Samantha Rohloff
Journalist
June 7, 2022 // Diocese

Catholic artist infuses faith into painting

Samantha Rohloff
Journalist

Elegant portraits, flowers and animals painted on various forms of porcelain, such as lamps, vases, framed pieces and other antiques line the walls and fill the shelves of Barbara Bougher’s nearly 150-year-old home in Fort Wayne. Aside from what she has collected over the years, she painted most of this artwork herself.


Click here for more photos of her artwork.


Bougher, age 86, has been Catholic her whole life. As an artist, she has painted countless subjects, but the Blessed Virgin Mary has been one she is drawn to over and over again. “She’s beautiful,” said Bougher. Relating with Mary’s motherhood because of her own motherhood, Bougher noted, “I took to the Blessed Mother because she was a mother.”

Other religious figures have also been instrumental in her life. St. Anthony de Padua’s patronage has been especially prominent as she has found many a lost thing through his intercession. She has also gifted some of her grandchildren who have fallen away from the faith blessed medals of the saint in the hope that he will lead them back to the Church. Most recently, the Sacred Heart of Jesus has been close to her. An image of the Sacred Heart hangs on a wall next to a door in her house, but when asked if she had painted it, she shook her head. “He’s too precious to paint,” she replied.

Bougher expressed the importance of her Catholic faith when it comes to her art. “I don’t think I could do anything without my religion. Everything’s based on religion with me.”

Provided by Heather Cisz
Artist Barbara Bougher, a member of St. Jude Parish in Fort Wayne, spent months painting portraits of St. Martin de Porres and St. Kateri Tekakwitha at the request of Pastor Monsignor Robert Schulte. The paintings now hang in the hallway of St. Jude School.

Monsignor Robert Schulte, Pastor of St. Jude Parish in Fort Wayne where Bougher is a parishioner, noticed her artistic abilities and asked her to paint portraits of St. Kateri Tekakwitha, patron saint of ecology and the environment, and St. Martin de Porres, patron of public health workers, mixed-race individuals, barbers and innkeepers. These portraits now hang in St. Jude School and took about three to four months to complete, she said.

“I didn’t know I had any talent,” confessed Bougher about her artistic gifts. While attending a summer camp as an elementary school student, she explained that she was surprised when she won a trophy in crafting art.

Sadly, her artistic skills remained unpracticed during the many years after that, and upon entering high school, she took a “typing, shorthand, bookkeeping” course to follow in her six older sisters’ footsteps, who were mostly secretaries. However, after a year of working for an insurance company, she knew she had to move on; that that was not the life for her. Instead, she received her beautician’s license.

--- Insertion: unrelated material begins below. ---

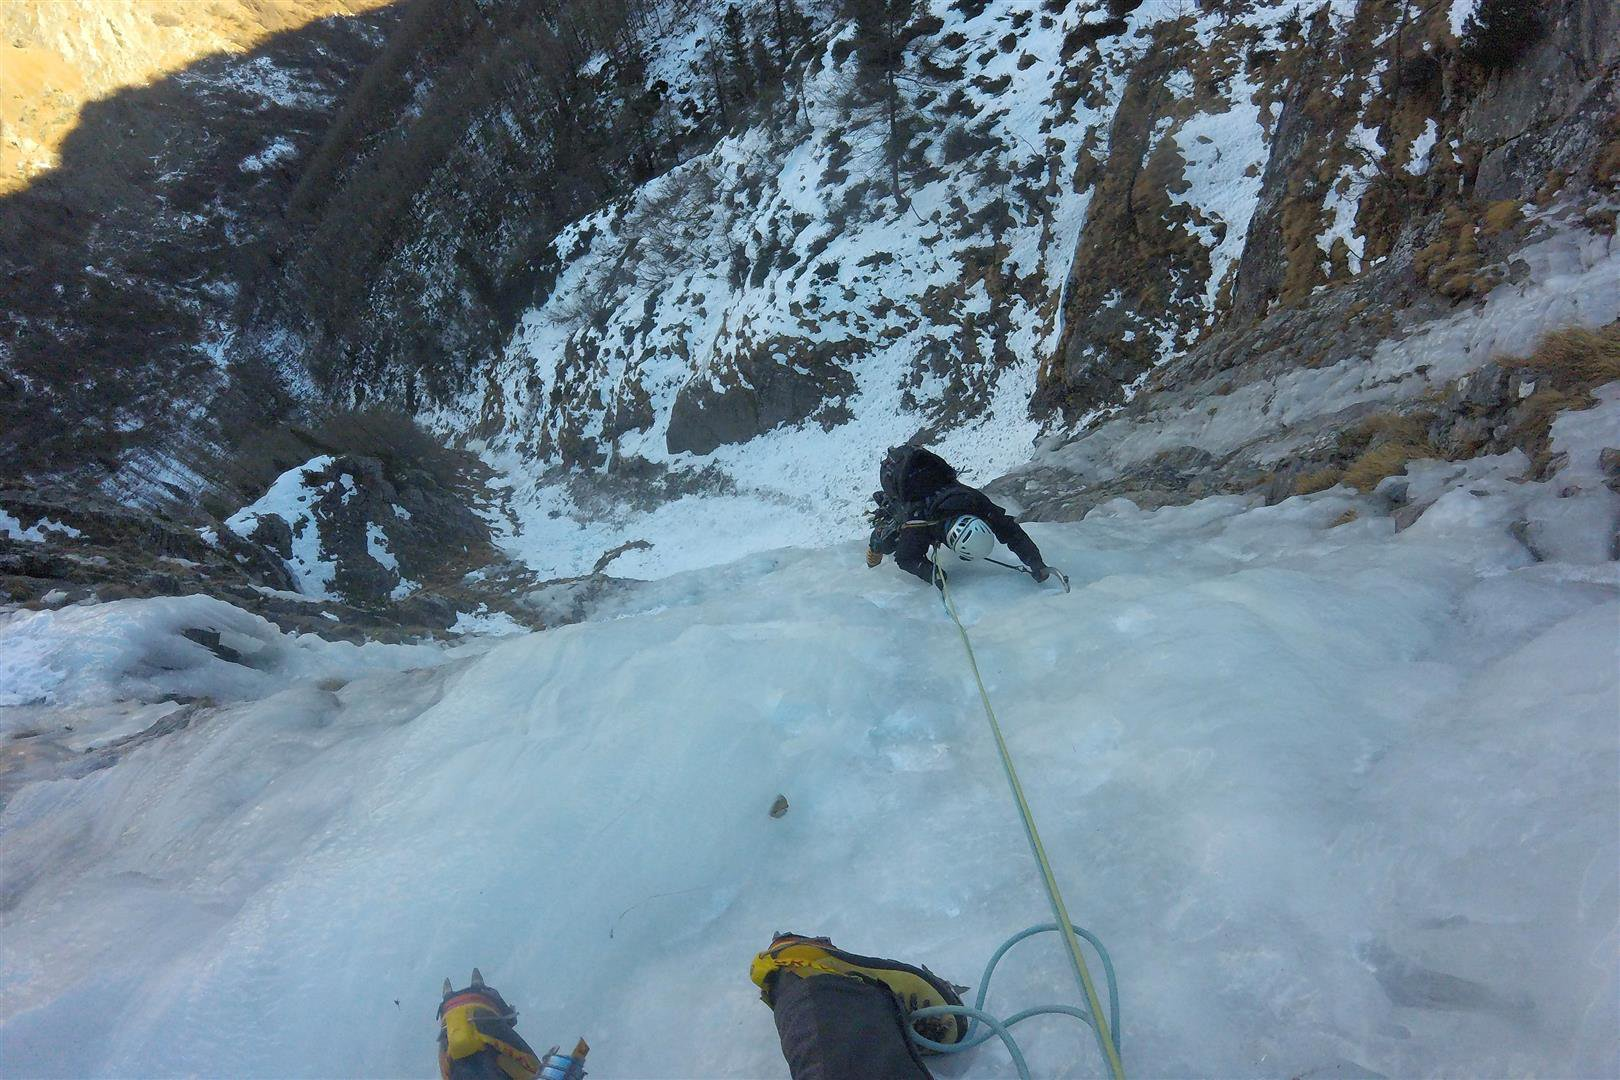 Val Chisone Rocca Bruna (Cascata) 2017-01-03

She shared 61 years of marriage with her husband Bill, together raising eight children. Bill passed away last year.

Her artwork, Bougher said, was a creative outlet from her days of raising rambunctious youngsters. She dove into crafts, teaching herself to crochet and knit. While attending a ceramics show one day, she saw a company selling molds into which porcelain could be poured. The company was also exhibiting finished and painted porcelain pieces. “And I was just taken with it – the beautiful, delicate statues,” said Bougher. “And that just fascinated me to no end.” That very day she purchased a kiln – a furnace used for heating, or firing, various art mediums, including porcelain. This quickly became her lifelong passion.

Samantha Rohloff
Bougher teaches a porcelain-painting class in her home. Here, a student from one of Bougher’s classes creates an artistic floral design on a plate.

Bougher traveled the world – Fatima, the Vatican, Ireland, to name a few places – to learn from the greatest teachers. She began traveling across the country teaching china painting. In the late 1970s, she began teaching adult night classes at Lakeside Middle School in Fort Wayne and later taught this class inside her own home, continuing to this day.

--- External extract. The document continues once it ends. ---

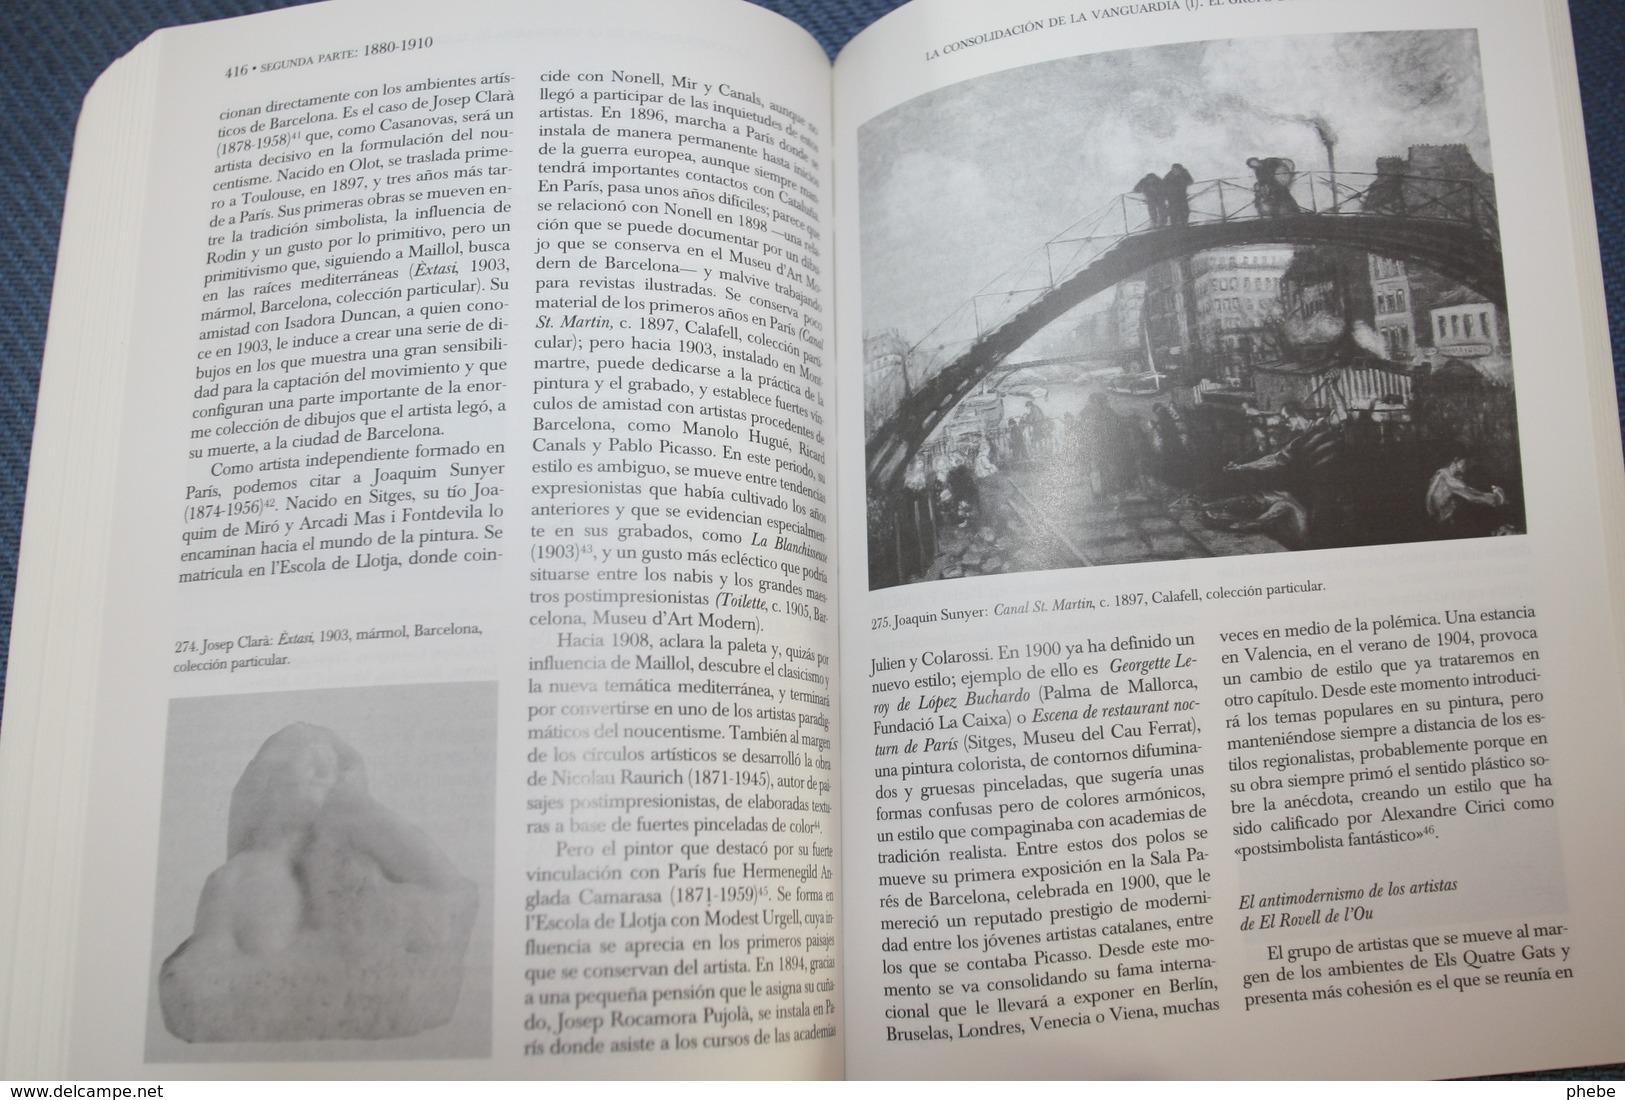 REYERO FREIXA / Pintura Y Escultura En Espana 1800-1910 - Culture

“You learn something new every time,” said a student of Bougher’s home class. “It just depends on what you’re painting.”

Bougher has won multiple ribbons for her china painting and has appeared in at least twenty magazines, including International Porcelain Artists and Teachers, Inc. and the World Organization of China Painters, both of which she has been a member.

Altogether, she said she has been working with porcelain for almost 50 years and estimated that she has taught porcelain painting for about 25 years. She also composed two journal-like books that teach artists how to paint roses and portraits on porcelain, aptly titled “Roses” and “Portraits.”

Bougher estimates that she has produced hundreds, if not thousands, of pieces of artwork throughout her life. She has six kilns, four of which are in her basement where racks upon racks of plain crockery, vases and more all rest, waiting to be painted.

Last year, Bougher painted portraits of all her 22 grandchildren. Now, she is working on a portrait of St. Joseph and the child Jesus for St. Joseph-Hessen Cassel School in Fort Wayne. It remains to be seen which saint she might paint next. 

“Whatever you do,” she said, “you’ve got to love it.”